Among 192 participants with MRIs reviewed, 71 were female (37%) and 121 were male (63%); the median age was 66 years (range, 19-92 years). By comparison with VE and CJD, in LGI1/CASPR2-Ab-E, T2 and/or FLAIR hyperintensities were less likely to extend outside the temporal lobe (3/42 patients [7%] vs 17/18 patients [94%] with VE; P < .001, and 3/4 patients [75%] with CJD; P = .005), less frequently exhibited swelling (12/55 [22%] with LGI1/CASPR2-Ab-E vs 13/22 [59%] with VE; P = .003), and showed no diffusion restriction (0 patients vs 16/22 [73%] with VE and 8/10 [80%] with CJD; both P < .001) and rare contrast enhancement (1/20 [5%] vs 7/17 [41%] with VE; P = .01). These findings were validated in an independent cohort and generated an area under the curve of 0.97, sensitivity of 90%, and specificity of 95% among cases with T2/FLAIR hyperintensity in the hippocampus and/or amygdala.
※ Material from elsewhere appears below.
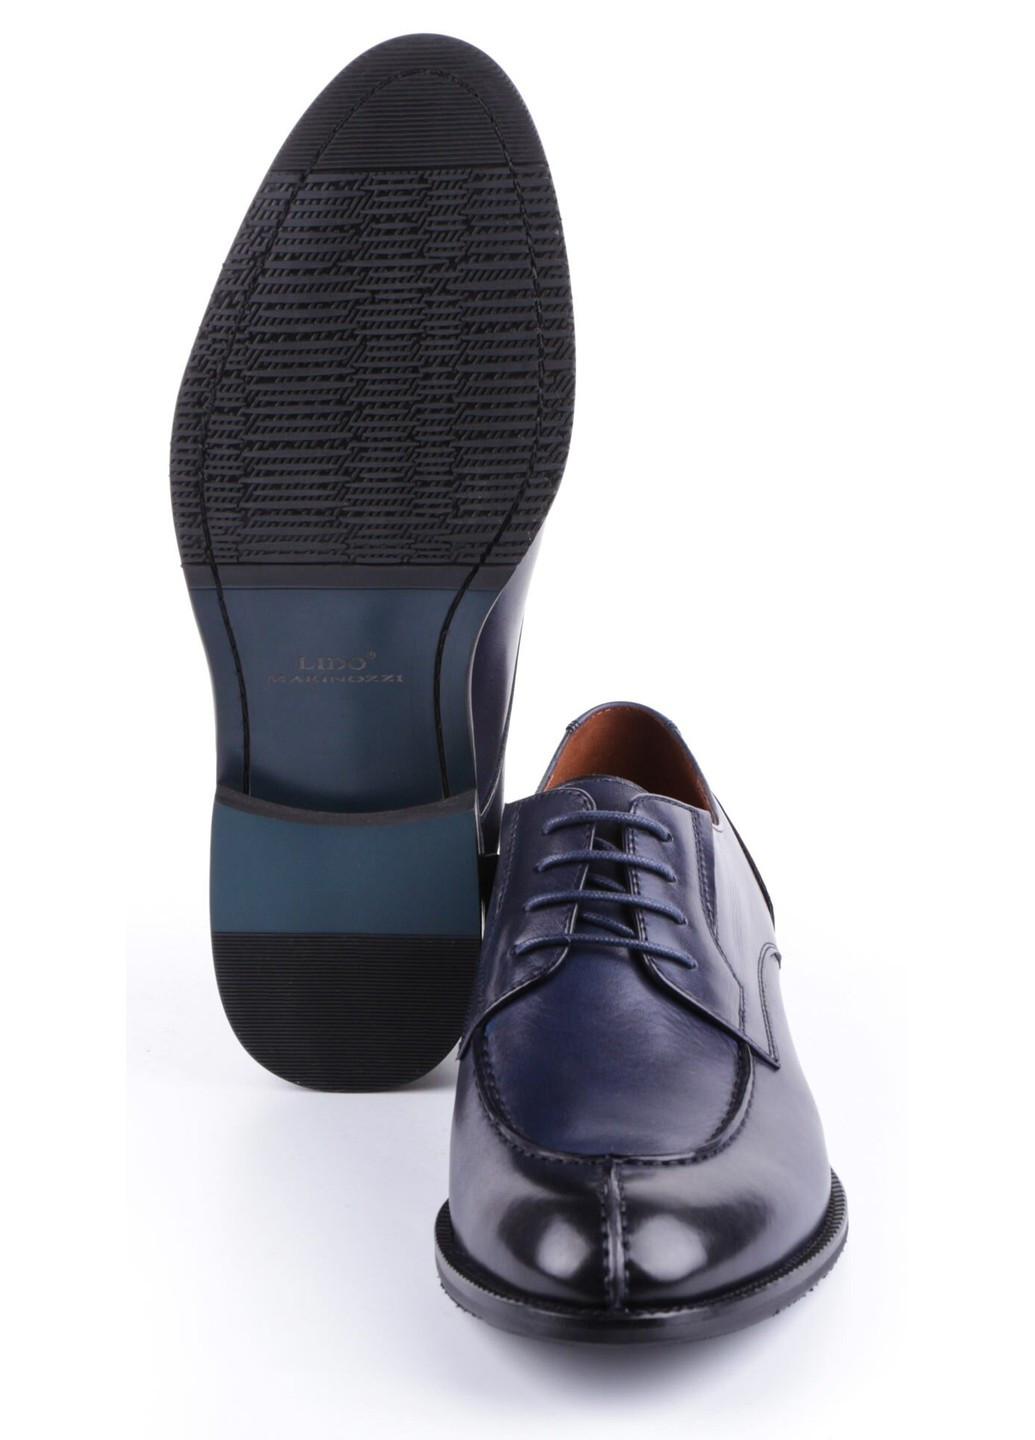 Синие мужские туфли классические 11081 Lido Marinozzi на шнурках

In this study, T2 and/or FLAIR hyperintensities confined to the temporal lobes, without diffusion restriction or contrast enhancement, robustly distinguished LGI1/CASPR2-Ab-E from key differential diagnoses. These observations should assist clinical decision-making toward expediting immunotherapy. Their generalizability to other forms of autoimmune encephalitis and VE should be examined in future studies.
快速准确的自身免疫性脑炎诊断有助于及时启动免疫治疗,从而改善患者的预后。然而,仅凭临床特征可能不足以缩小鉴别诊断的范围,等待自身抗体的结果可能会延迟免疫治疗。
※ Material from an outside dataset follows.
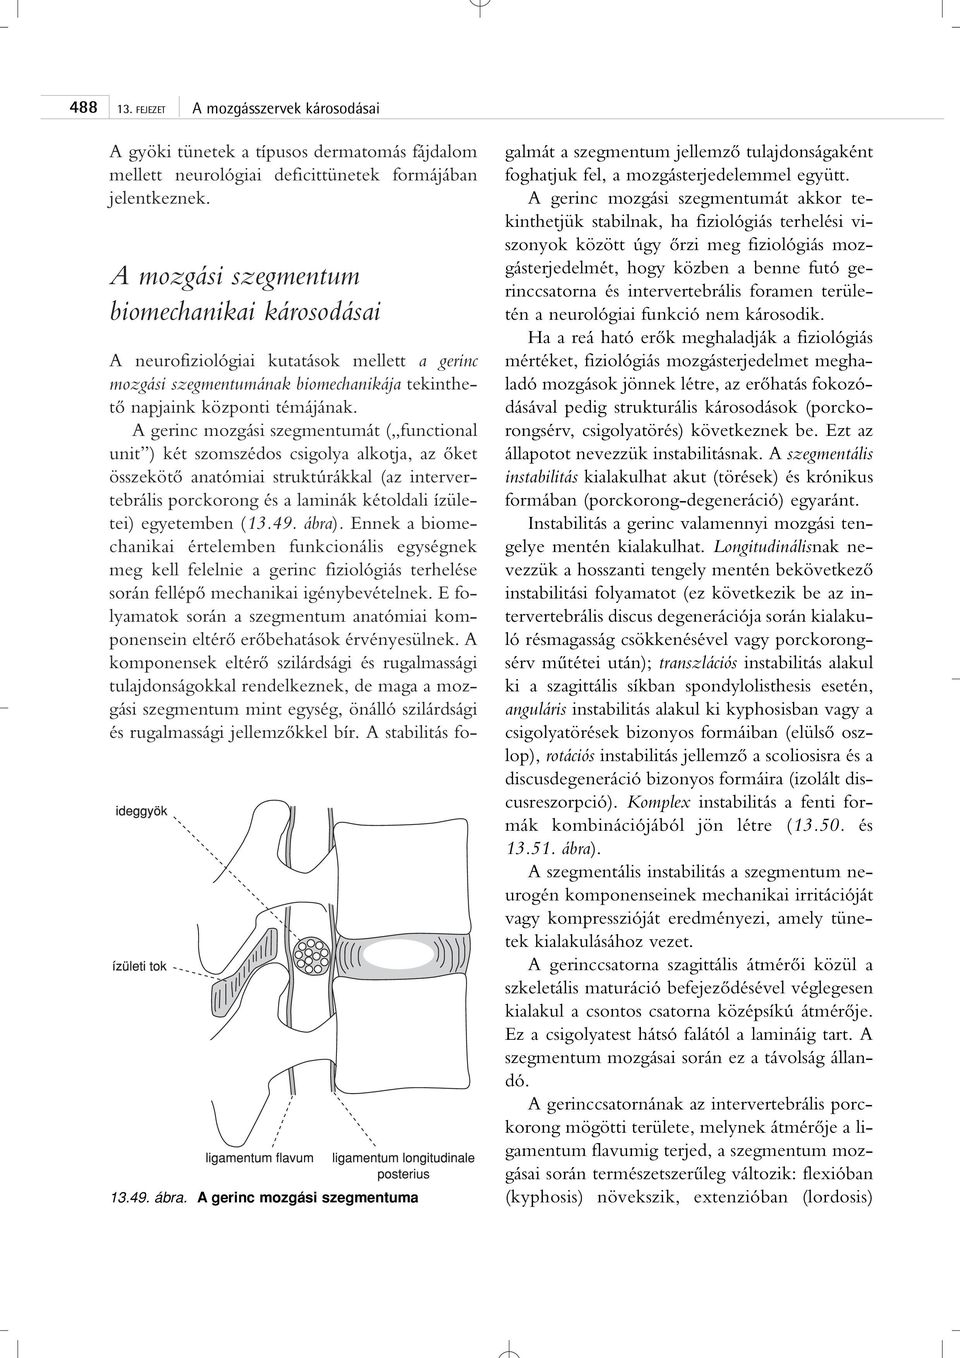 A gerinc mozgási szegmentumát ( functional unit ) két szomszédos csigolya alkotja, az ôket összekötô anatómiai struktúrákkal (az intervertebrális porckorong és a laminák kétoldali ízületei)

确定简单的磁共振成像(MRI)特征,可准确区分两种常见的自身免疫性脑炎,LGI1 和 CASPR2 抗体脑炎(LGI1/CASPR2-Ab-E)与两种主要鉴别诊断,病毒性脑炎(VE)和克雅氏病(CJD)。
设计、地点和参与者:这是一项回顾性、盲法分析英国牛津大学医院和美国梅奥诊所的 192 名患者的首份脑 MRI(2000-2022 年采集)的横断面研究。通过 2 名神经放射科医生(发现队列;n=87)评估这些患者为 LGI1/CASPR2-Ab-E、VE 或 CJD;结果由 3 名神经病学家(验证队列;n=105)在独立队列中验证。通过列联表对各组进行统计学比较。数据在 2023 年进行分析。
MRI 结果包括 T2 或液体衰减反转恢复(FLAIR)高信号、肿胀或体积损失、钆对比增强的存在以及弥散加权成像的变化。与临床特征的相关性。
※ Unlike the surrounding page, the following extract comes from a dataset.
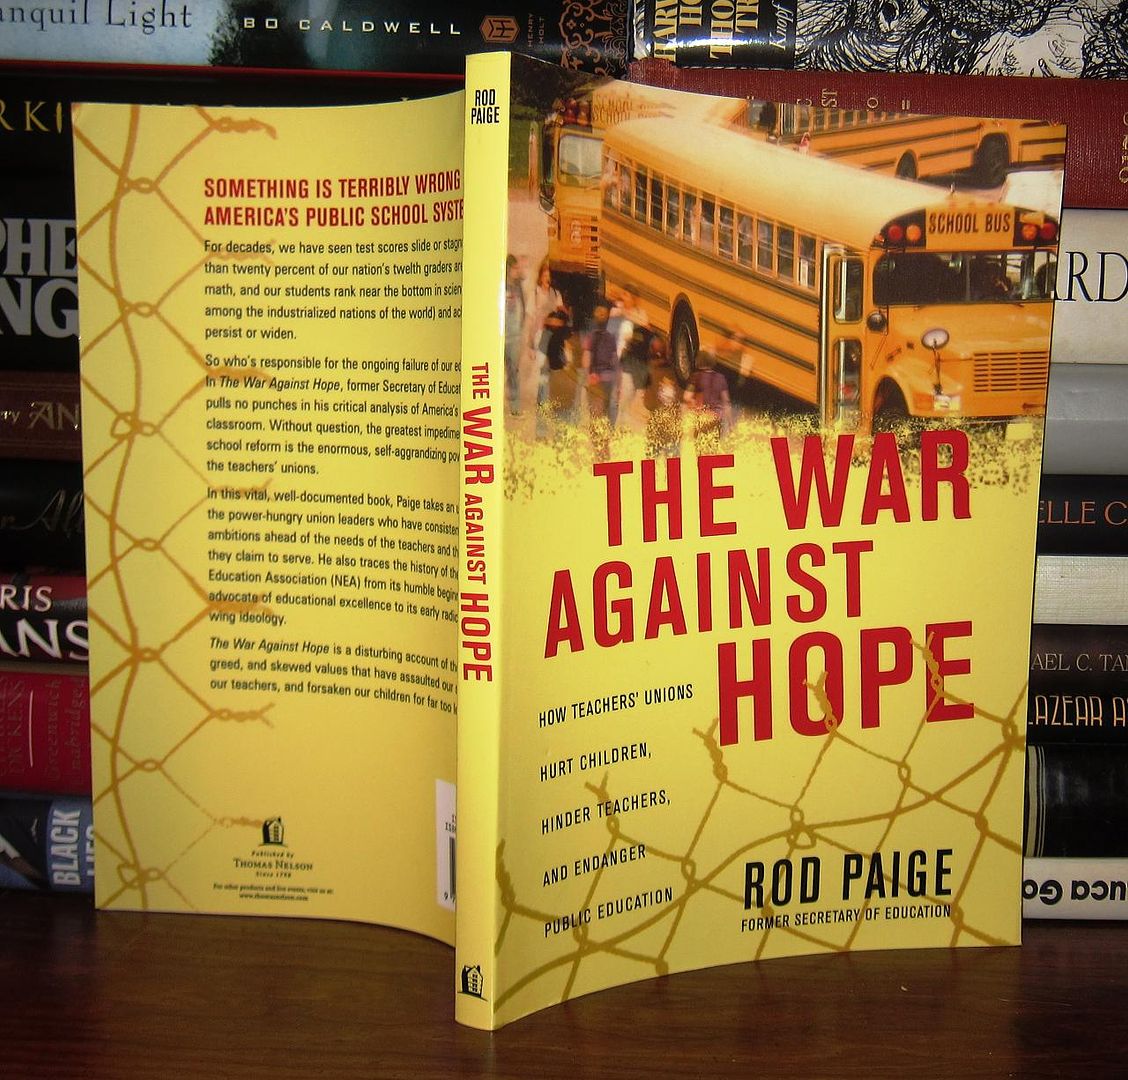 PAIGE, ROD - The War Against Hope How Teachers' Unions Hurt Children, Hinder Teachers, and Endanger Public Education

在 192 名接受 MRI 检查的参与者中,71 名为女性(37%),121 名为男性(63%);中位年龄为 66 岁(范围,19-92 岁)。与 VE 和 CJD 相比,在 LGI1/CASPR2-Ab-E 中,T2 和/或 FLAIR 高信号更不可能超出颞叶(42 名患者中的 3 名 [7%]与 18 名 VE 患者中的 17 名 [94%];P<0.001,和 4 名 CJD 患者中的 3 名 [75%];P=0.005),肿胀不常见(55 名患者中的 12 名 [22%]与 LGI1/CASPR2-Ab-E 相比,22 名 VE 患者中的 13 名 [59%];P=0.003),没有弥散受限(0 名患者与 22 名 VE 患者中的 16 名 [73%]和 10 名 CJD 患者中的 8 名 [80%];均 P<0.001)和罕见的对比增强(20 名患者中的 1 名 [5%]与 17 名 VE 患者中的 7 名 [41%];P=0.01)。这些发现在独立队列中得到了验证,并在海马和/或杏仁核的 T2/FLAIR 高信号的情况下产生了 0.97 的曲线下面积、90%的敏感性和 95%的特异性。
在这项研究中,局限于颞叶的 T2 和/或 FLAIR 高信号,没有弥散受限或对比增强,可有力地区分 LGI1/CASPR2-Ab-E 与关键鉴别诊断。这些观察结果应有助于临床决策,加快免疫治疗的开展。在未来的研究中应检验其在其他形式的自身免疫性脑炎和 VE 中的泛化能力。